Nikki Haley, ancienne représentante permanente des États-Unis aux Nations unies, avait déclaré en 2018 : « Pendant trop longtemps, le Conseil des droits de l’homme a protégé les auteurs de violations des droits de l’homme ». (Image : wikimedia / United States Department of State / Domaine public)
Nikki Haley, représentante permanente des États-Unis aux Nations unies à cette époque, avait déclaré : « Pendant trop longtemps, le Conseil des droits de l’homme a protégé les auteurs de violations des droits de l’homme ». « Regardez les membres du conseil et vous pouvez voir des abus odieux des droits les plus fondamentaux ».
« Avant que cette décision ne soit prise, et après que nous nous soyons retirés, les États-Unis avaient exhorté les États membres de l’ONU à prendre des mesures immédiates pour réformer le Conseil, avant qu’il ne devienne irrémédiablement inapplicable. Malheureusement, ces appels ont été ignorés. Aujourd’hui, l’Assemblée générale des Nations unies a réélu des pays affichant un terrible bilan en matière de droits de l’homme, dont la Chine, la Russie et Cuba. Le Venezuela a été élu en 2019 », a déclaré Mike Pompéo.
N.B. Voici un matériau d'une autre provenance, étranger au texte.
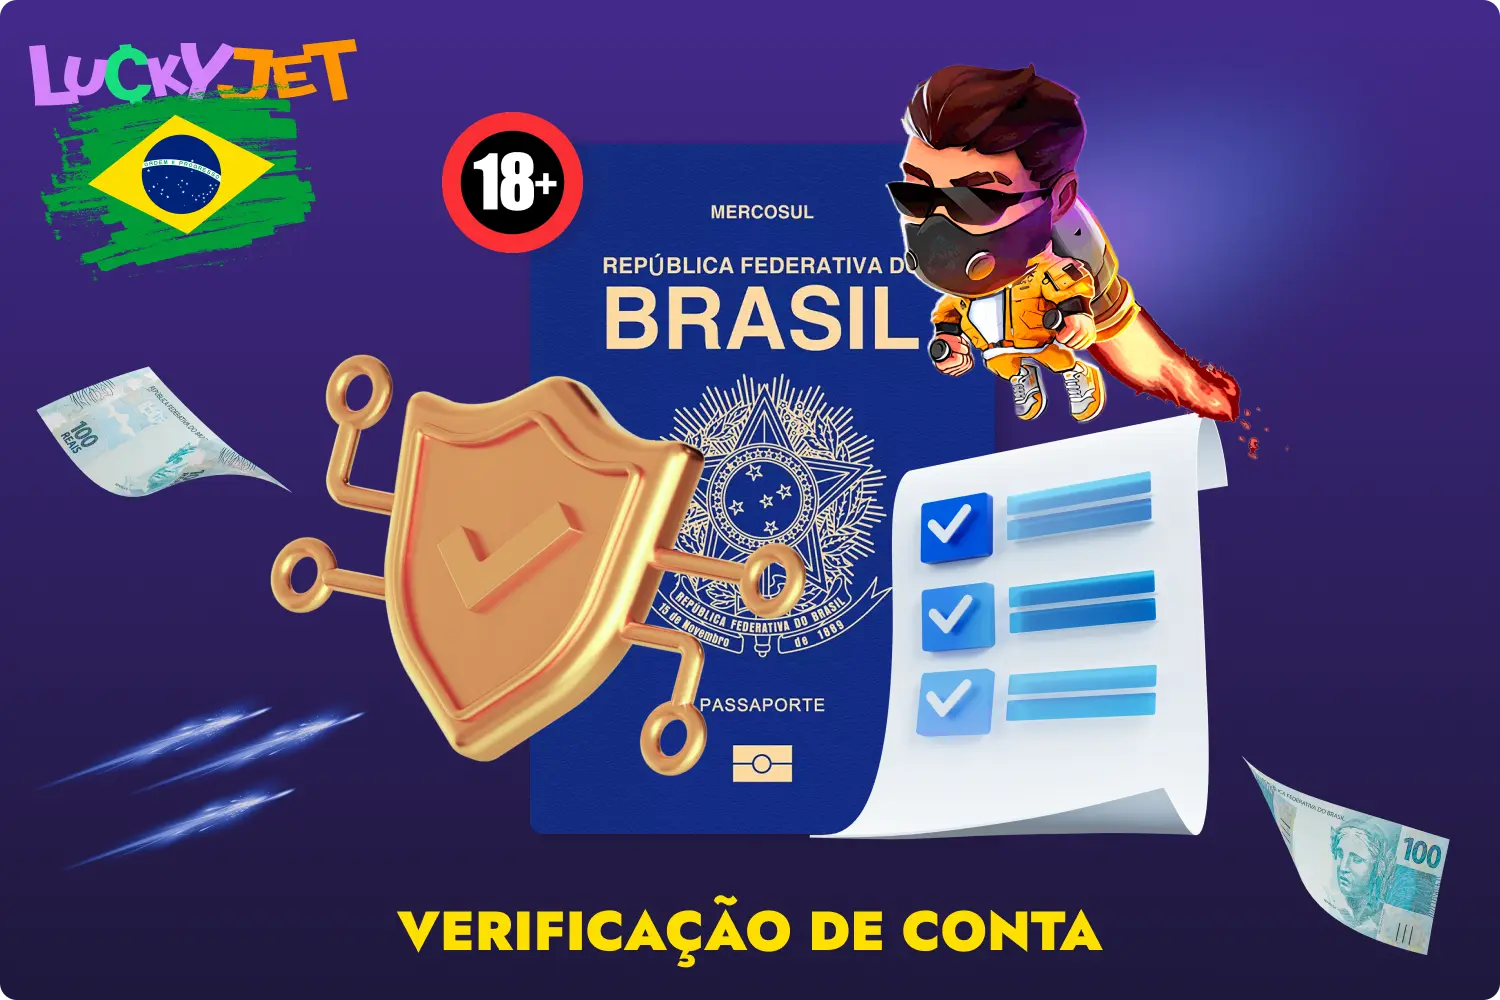 Para poder levantar fundos instantaneamente do jogo Lucky Jet, todos os utilizadores brasileiros do site 1win têm de passar por um procedimento de verificação de conta
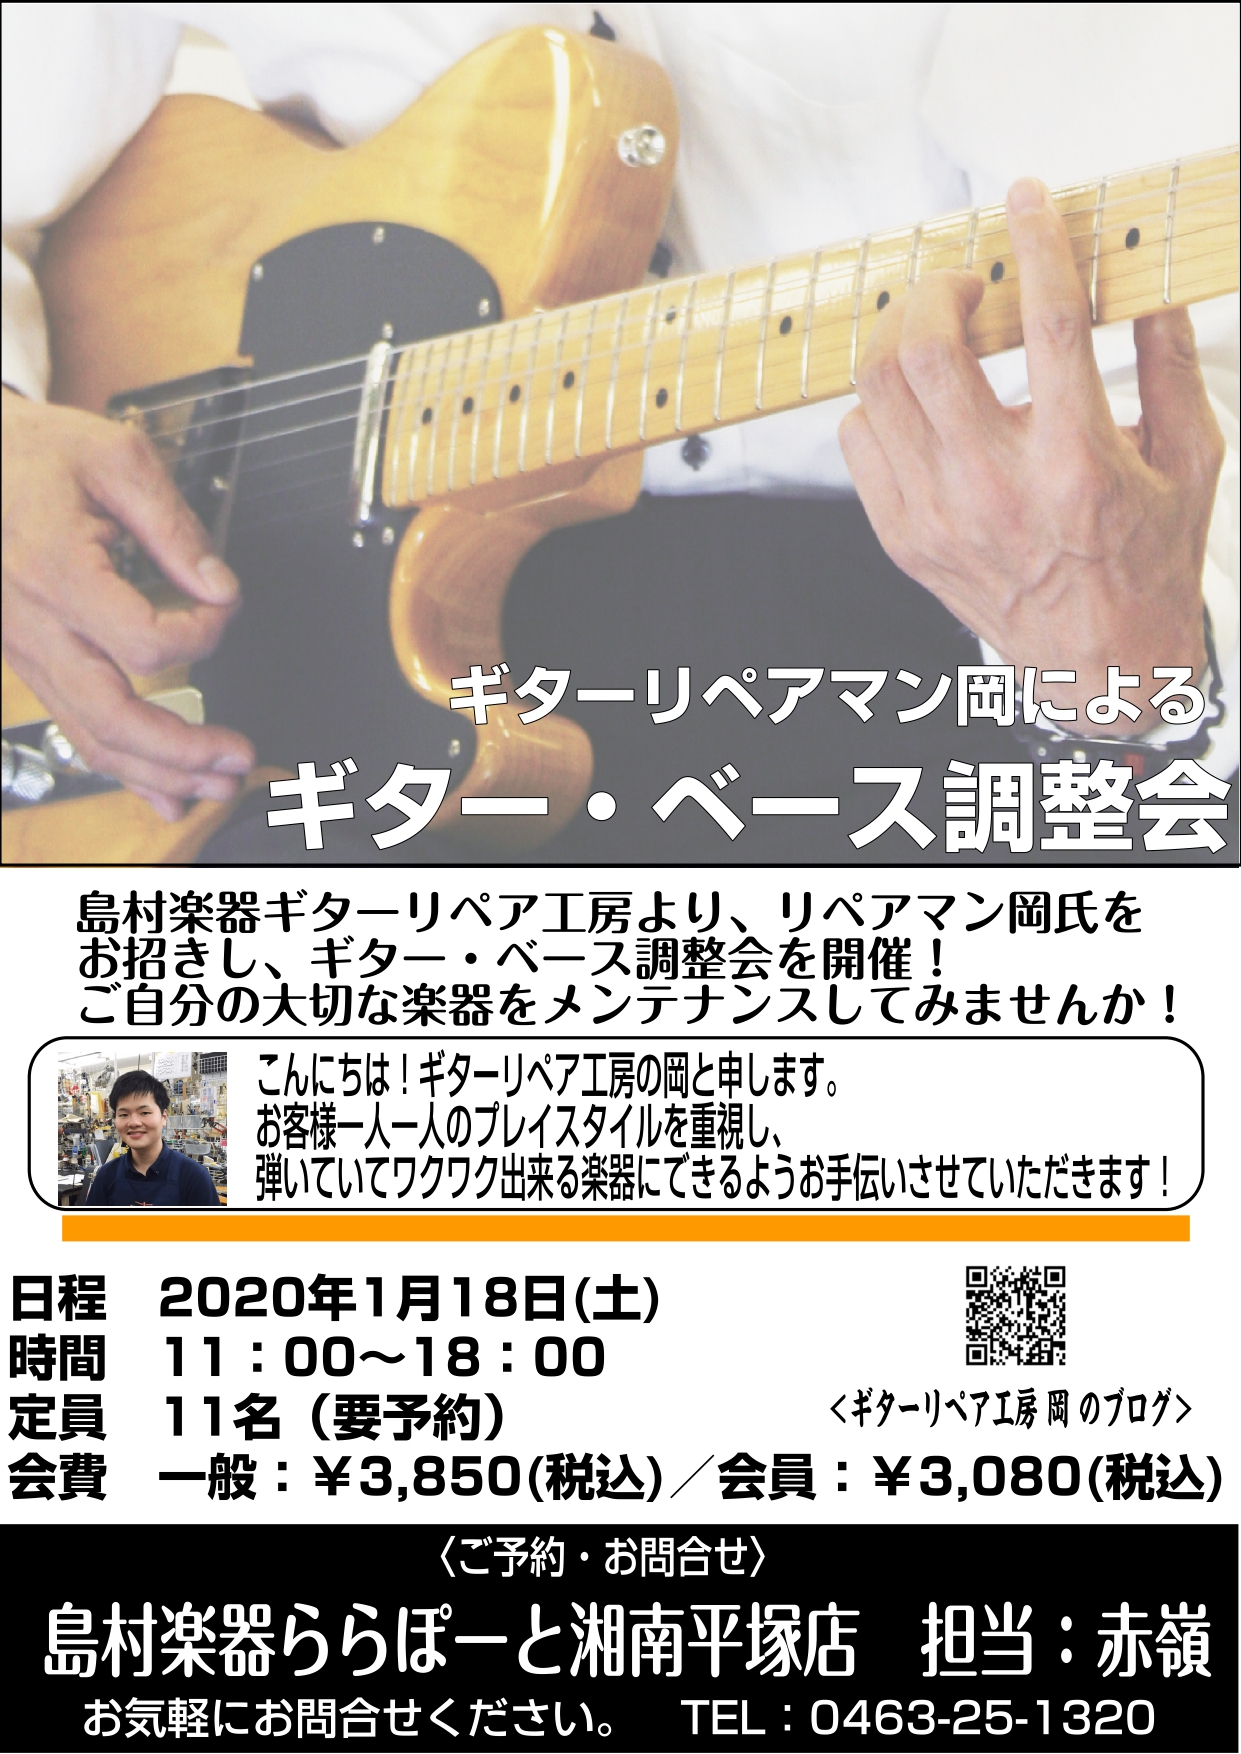 ギター・ベース調整会 開催!!2020年1月18日 (土)
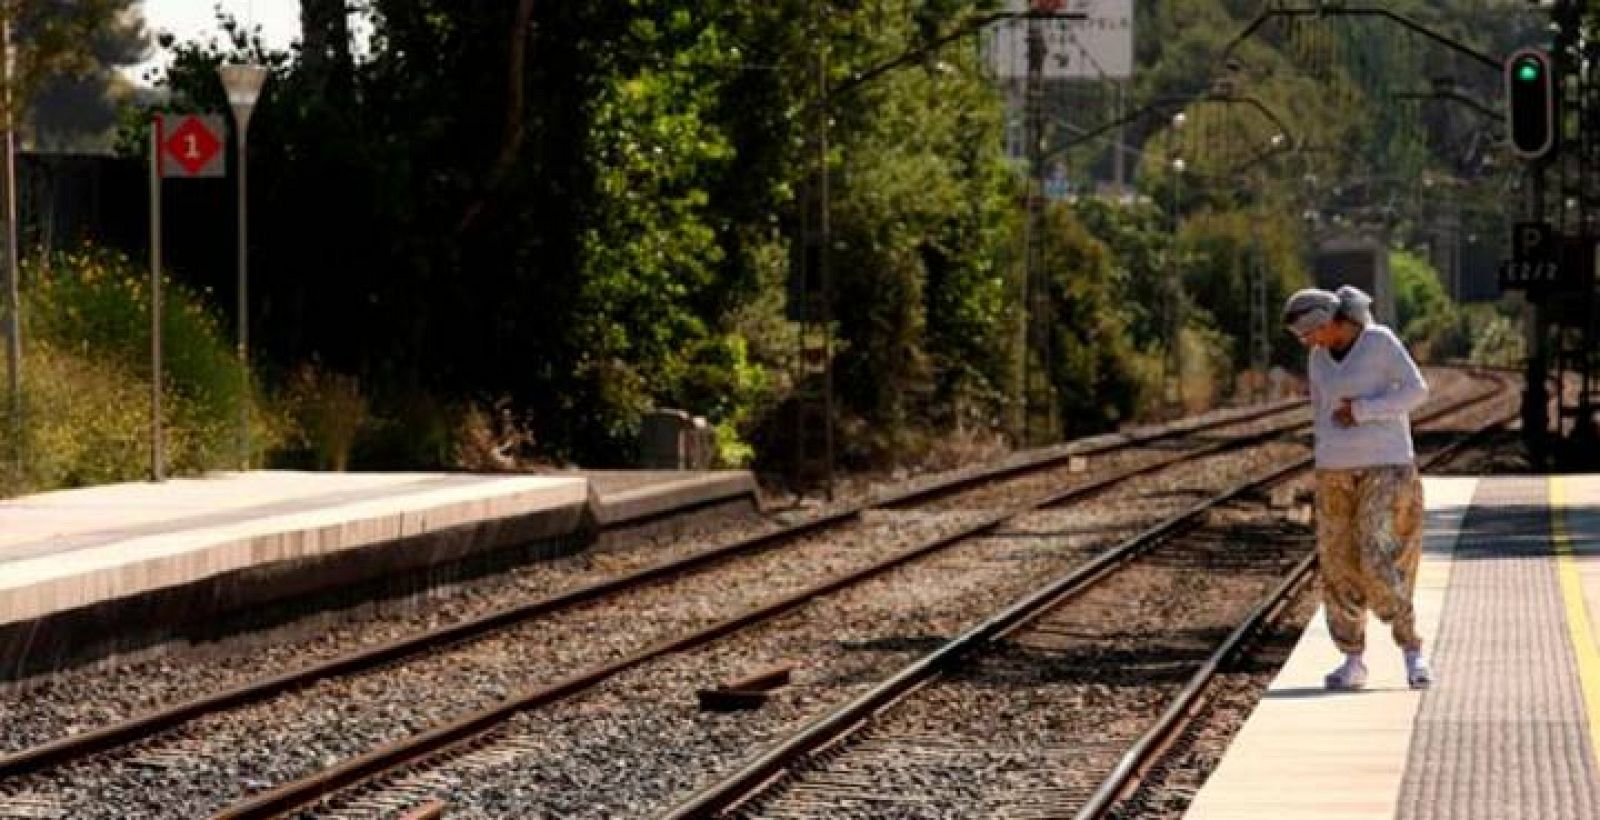 Una mujer observa las vías de tren de la estación de Castelldefels Platja donde tuvo lugar el fatal accidente de tren que causó 13 víctimas mortales la noche en que se celebraba la festividad de San Juan.

Il a réitéré en précisant : « Ces élections ne font que justifier davantage la décision des États-Unis de se retirer et d’utiliser d’autres voies et opportunités pour défendre et promouvoir les droits de l’homme ».
Raphael Glucksmann, membre du Parlement européen, a tweeté après l’élection, s’interrogeant sur l’élection de la Chine et de la Russie au Conseil des droits de l’homme des Nations unies. Il a également critiqué l’ONU pour avoir fermé les yeux. (Image : wikimedia / Harald Krichel / CC BY-SA 4.0)
Raphael Glucksmann, membre du Parlement européen, qui s’était récemment exprimé en France en solidarité avec les Ouïgours du Xinjiang et avait mené une campagne pour attirer l’attention sur les violations des droits de l’homme tels que les « camps de rééducation », a tweeté mercredi, s’interrogeant sur l’élection de la Chine et de la Russie au Conseil des droits de l’homme des Nations unies. Il a également critiqué l’ONU pour avoir fermé les yeux sur la détention arbitraire de millions de personnes au Xinjiang.
L’ambassade officielle de Chine en France a répondu au tweet de Raphaël Grützman, lui demandant de cesser de « causer des problèmes » sur les questions du Xinjiang qui sont liées aux affaires intérieures de la Chine. Le tweet de l’ambassade chinoise précise : « Aucun pays, aucune puissance n’a le droit d’interférer, et toute tentative de s’opposer à la Chine se soldera par un échec ». L’ambassade chinoise a également accusé la déclaration de Raphaël Grützman d’être basée sur des « rumeurs » non vérifiées. En réponse, M. Grützman a répondu, via Twitter, que l’ambassade de Chine n’avait pas le droit de dicter ses conditions en France, et en sa qualité d’élu, il poursuivra le travail que le peuple lui a confié pour défendre les droits de l’homme. Il a également exhorté l’ambassade chinoise à changer de position, notamment en fermant les « camps de rééducation » du Xinjiang et en permettant aux Ouïgours de retrouver leur liberté.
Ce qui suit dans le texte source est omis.